Belgium is bucking EU trends on migration and regional population growth, according to Eurostat's newly released regional population projections for 2025 to 2050.
Across the EU, seven in 10 regions are projected to see population declines by 2050, driven by a negative natural replacement rate of more deaths than births.
The projections, based on assumptions about future developments in fertility, mortality and migration, show a shifting balance of population between EU Member States – carrying implications for budgets and European Parliament representation, as well as a changing face of Europe.
Eurostat's data shows that overall the EU population is projected to increase from 451.8 million in 2025 and peak at 453.3 million in 2029, then decrease to 445 million in 2050. However, this spread is uneven across the EU.
In 18 EU countries, more than half of regions are projected to experience a population decline, with most of this decline being centred in Eastern Europe.

EU projected population changes by NUTS3 region. Credit: Eurostat
'Increasingly uneven demographic landscape'
According to Eurostat, by 2050, "most regions in the nine EU countries on the eastern border are projected to see population decline, as are more than 80% of regions in Greece, Czechia, Croatia and Portugal".
Eurostat says that overall, these projections "point to an increasingly uneven demographic landscape across the EU, with some regions facing sustained population loss while others continue to expand".
In Belgium, only Ypres (-0.4%) is projected to see a population decline, while Mons remains flat.
More deaths than births across the EU
By 2050, just 1.8% of EU regions are projected to see population growth due to a positive natural replacement rate (more births than deaths). These regions are also concentrated in just six countries in the West of Europe - Belgium, Denmark, France, Germany, the Netherlands and Spain.
The vast majority of regions across the EU will see a decline as the negative replacement rate becomes reinforced in population trends year after year.
According to Eurostat's historical data, the EU has had more deaths than births since 2012. This week's projection suggests this trend will continue into the 2050s.
"By 2050, at least 80% of the regions in 13 EU countries are projected to experience population decline driven by negative natural change," according to the statistics agency.
Brussels is one of the regions projected to buck the decline, which suggests a continuation of the trend in recent years of a positive replacement rate in the city compared to the rest of Belgium.
Net migration the main driver of any population growth in the EU
For the small number of EU regions projected to have positive population growth (three in 10), the majority of these (94%) will also be a result of positive net migration.

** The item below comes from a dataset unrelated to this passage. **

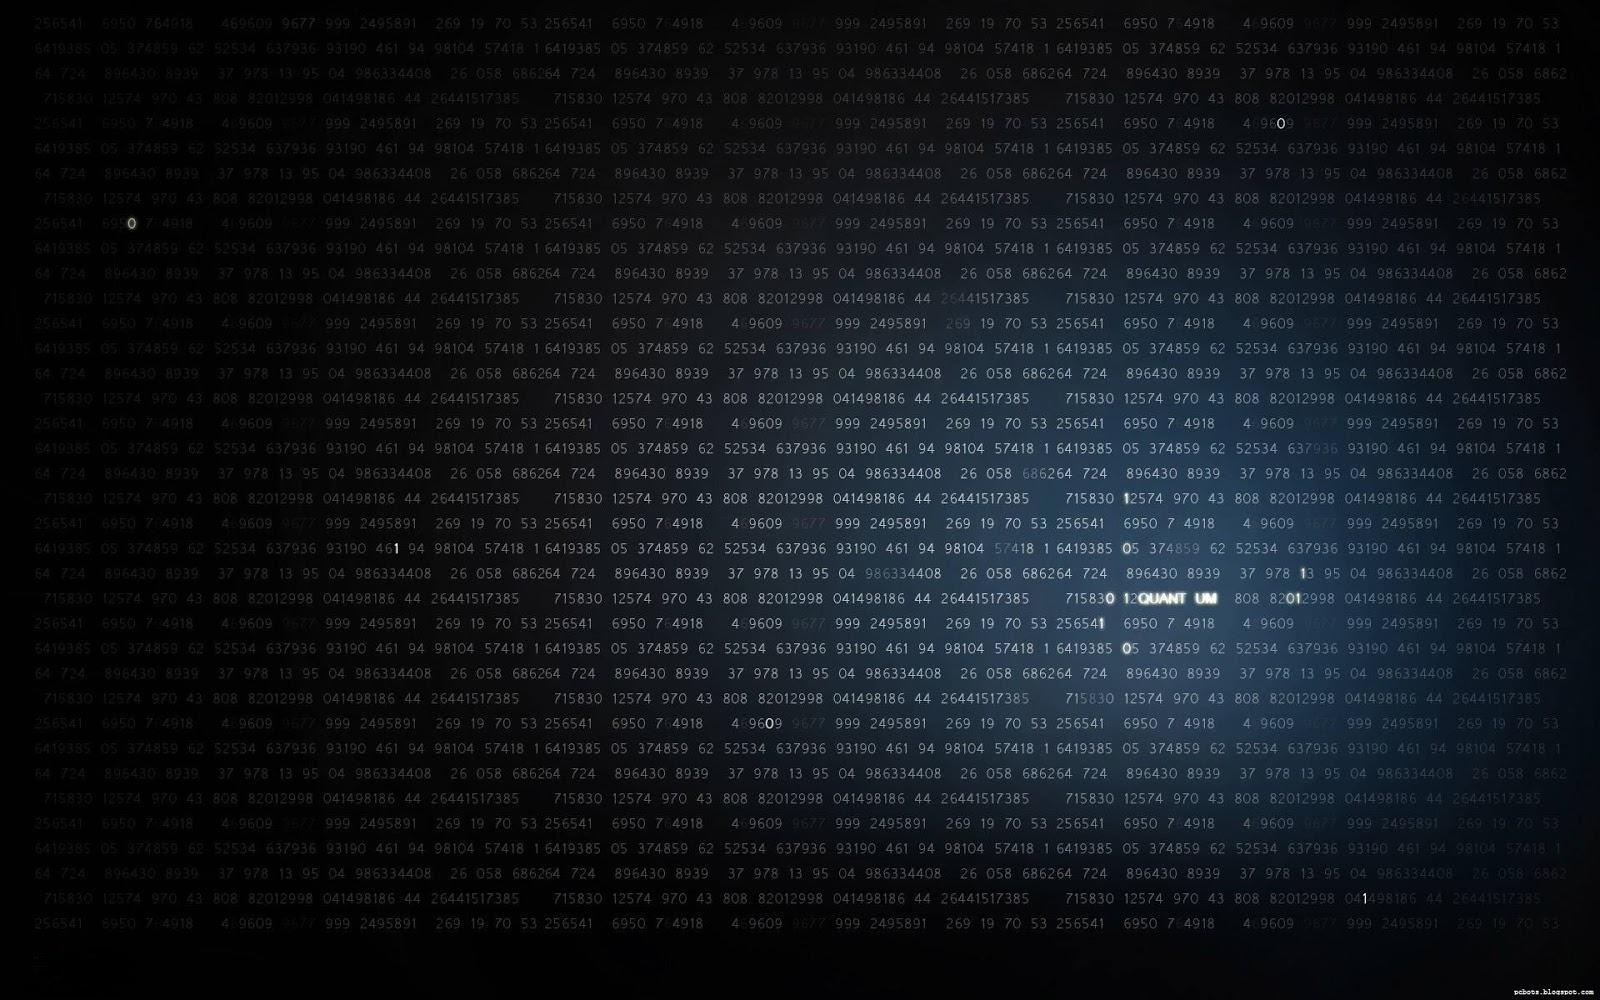 Hackers Wallpaper HD By Pcbots   Part I PCbots Labs Blog 1600x1000
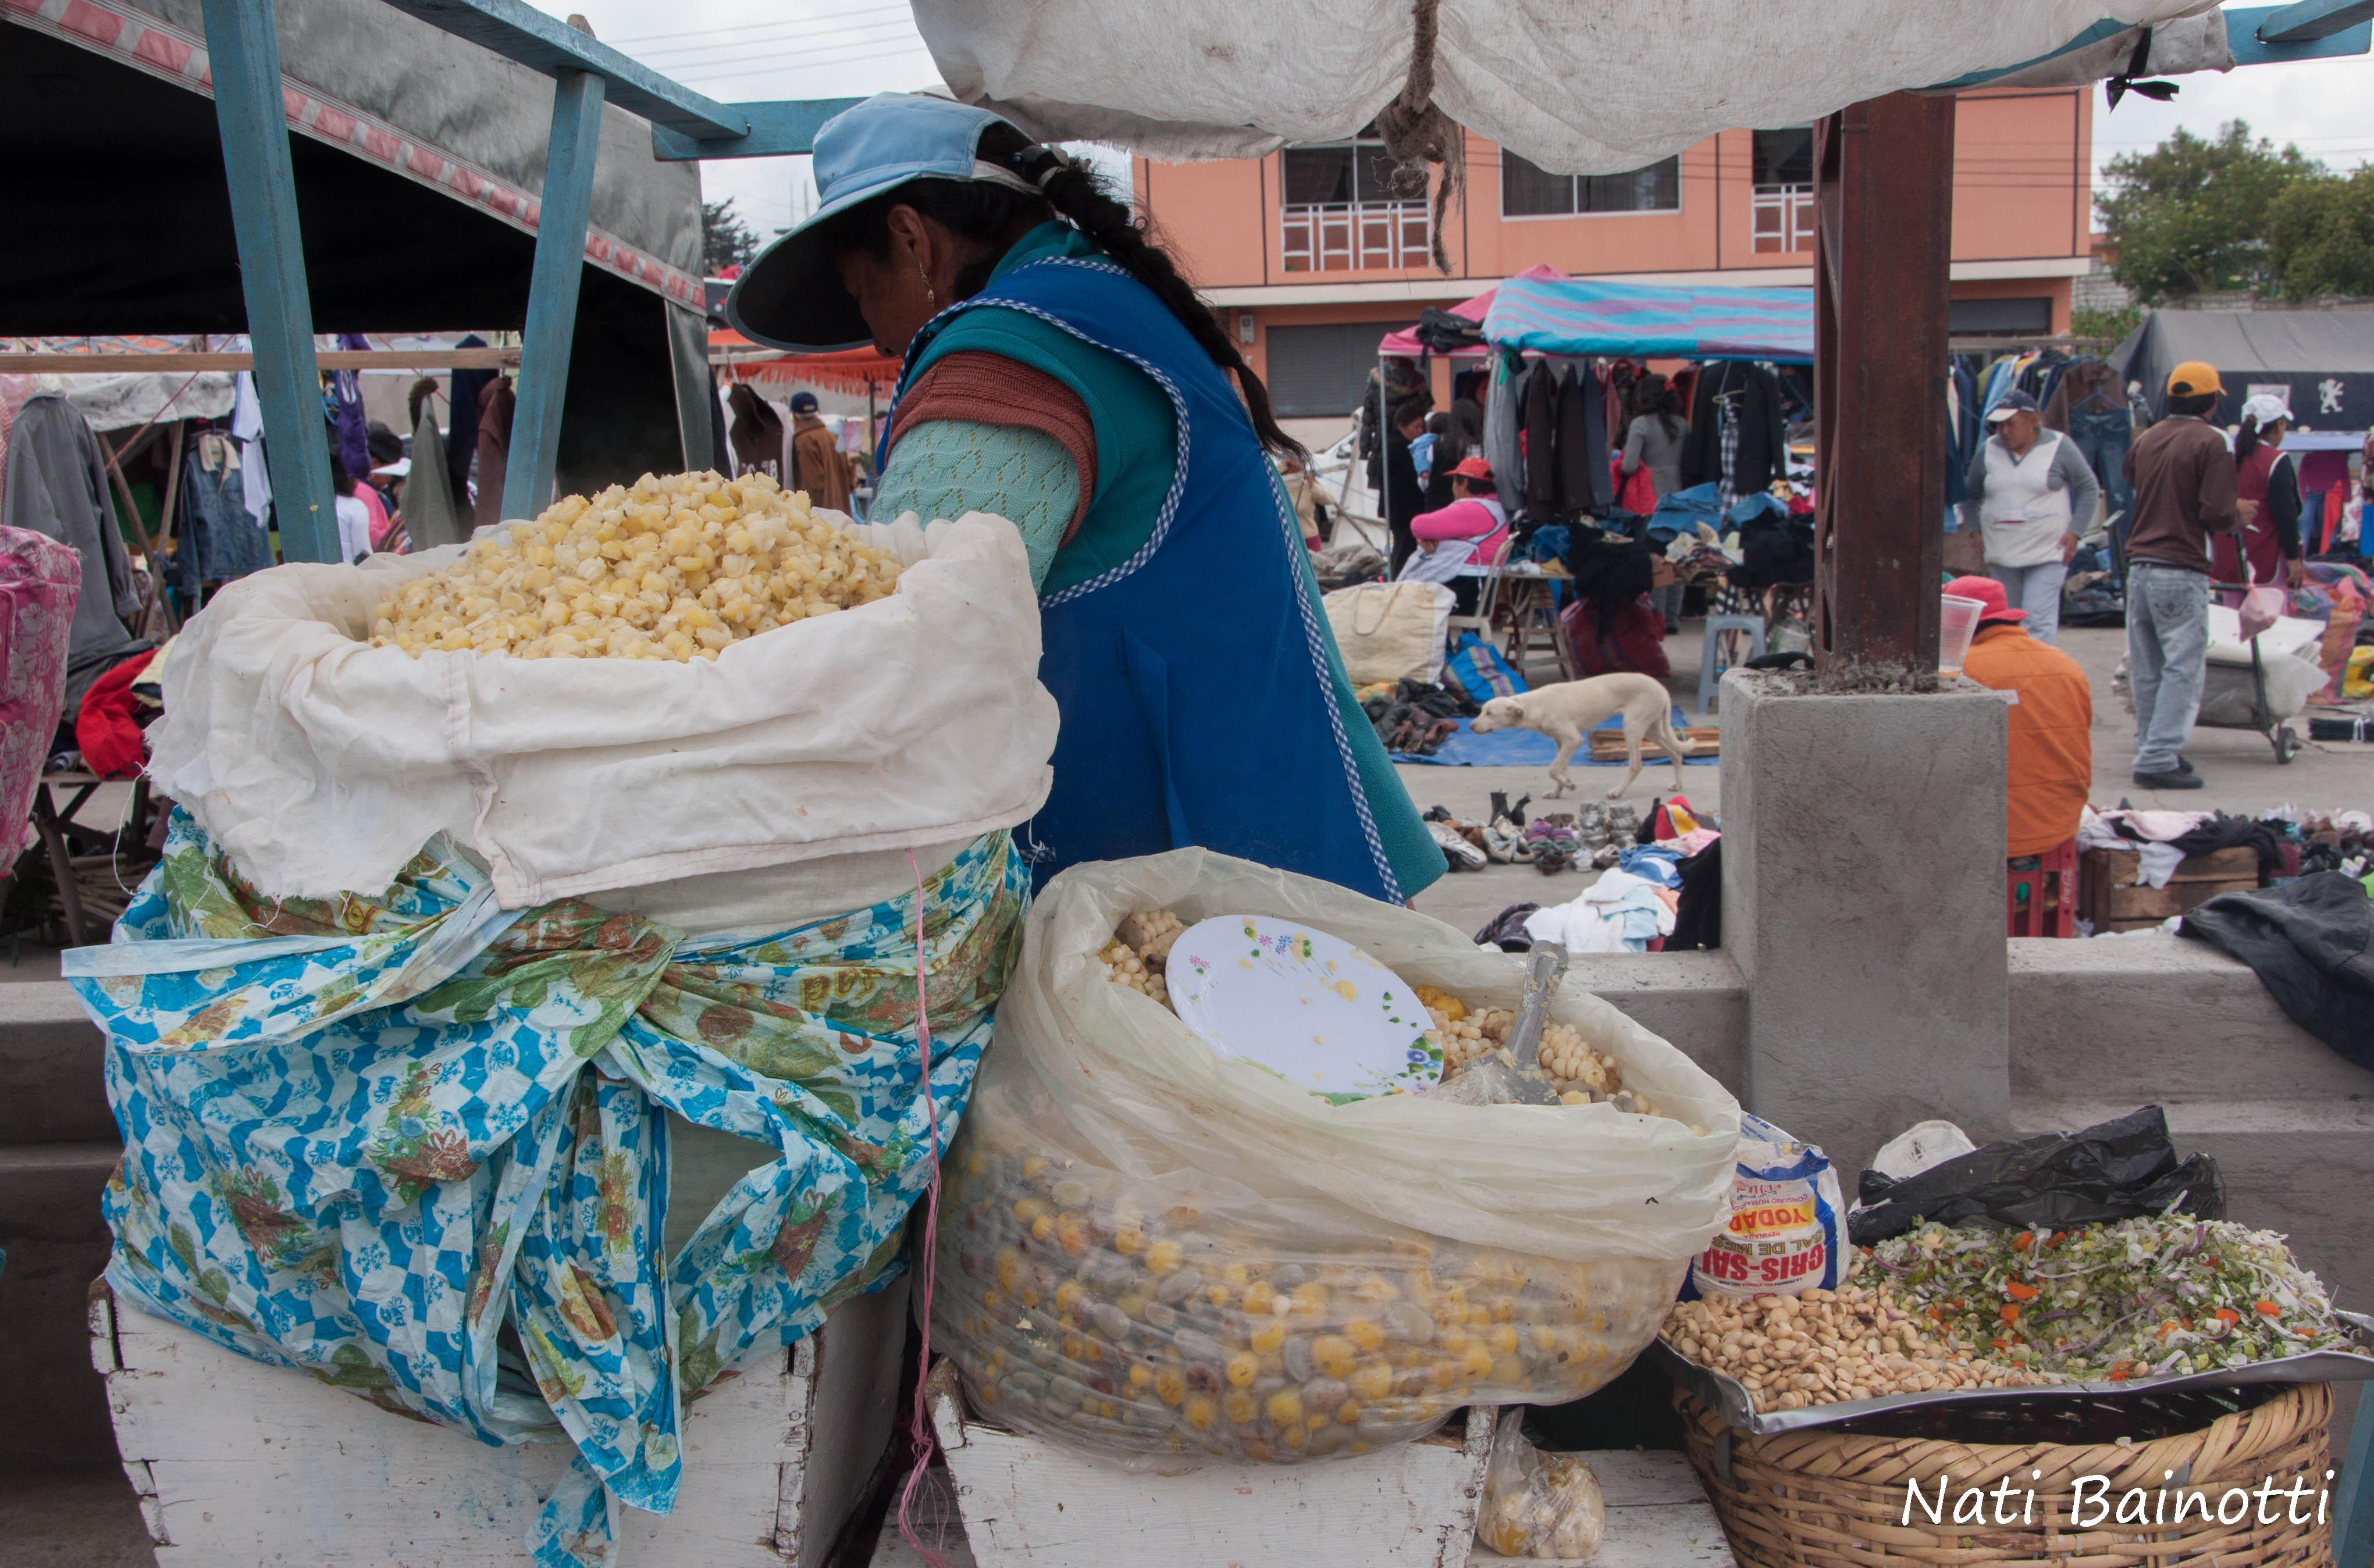 comida-saquisili-ecuador-nati-bainotti-mi-vida-en-una-mochila2

Belgium's overall projected growth is a result of positive net migration. This will be the main driver in 41 of Belgium's 44 regions.
Belgium's attractiveness is the key reason for continued growth, according to Patrick Deboosere, a lecturer in demography at the Vrije Universiteit Brussel (VUB).
He told The Brussels Times that "Belgium as a whole remains an attractive economy for people from all over Europe. Together with international migration for economic reasons, for study, family reunion and asylum, the yearly increase hovers between 35,000 and 50,000 persons."
However, Brussels is projected to see a decline in net migration by 2050, placing it 5th from the bottom by 2050 across all of the 1,165 EU regions surveyed by Eurostat.
This negative projection is disputed by Jean-Pierre Hermia from IBSA, Brussels' statistics office. He told The Brussels Times that as a result of different planning assumptions, the Federal Planning Bureau expects Brussels to continue to have positive international net migration of +10,000 a year between now and 2050.
"The figures published today by Eurostat do not correspond to the latest figures published by the Federal Planning Bureau and Statbel, which forecast that the population of the Brussels Region will stabilise by 2050 (rather than increasing by more than 7 per cent)," he said.
Capital cities as islands of growth
Capital cities look set to be the main beneficiaries of this migration, with Eurostat noting that "by 2050 almost 90% of the capital city regions (22) are projected to have a population change above the national average."
In some capital city regions, the growth in population stands in contrast to a wider decline across their respective countries.
"In 10 capital city regions (in Bulgaria, Czechia, Germany, Estonia, Finland, Croatia, Italy, Portugal, Slovenia and Slovakia), positive projected population change contrasts with a negative national average."
This suggests cities will start to become islands of population growth across the EU, with implications for tax receipts across some EU regions.
Overall, the projections from Eurostat show an EU facing significant population change between regions, with population growth in the west driven by positive net migration, and population declines in the east (except cities) driven by a falling natural replacement rate.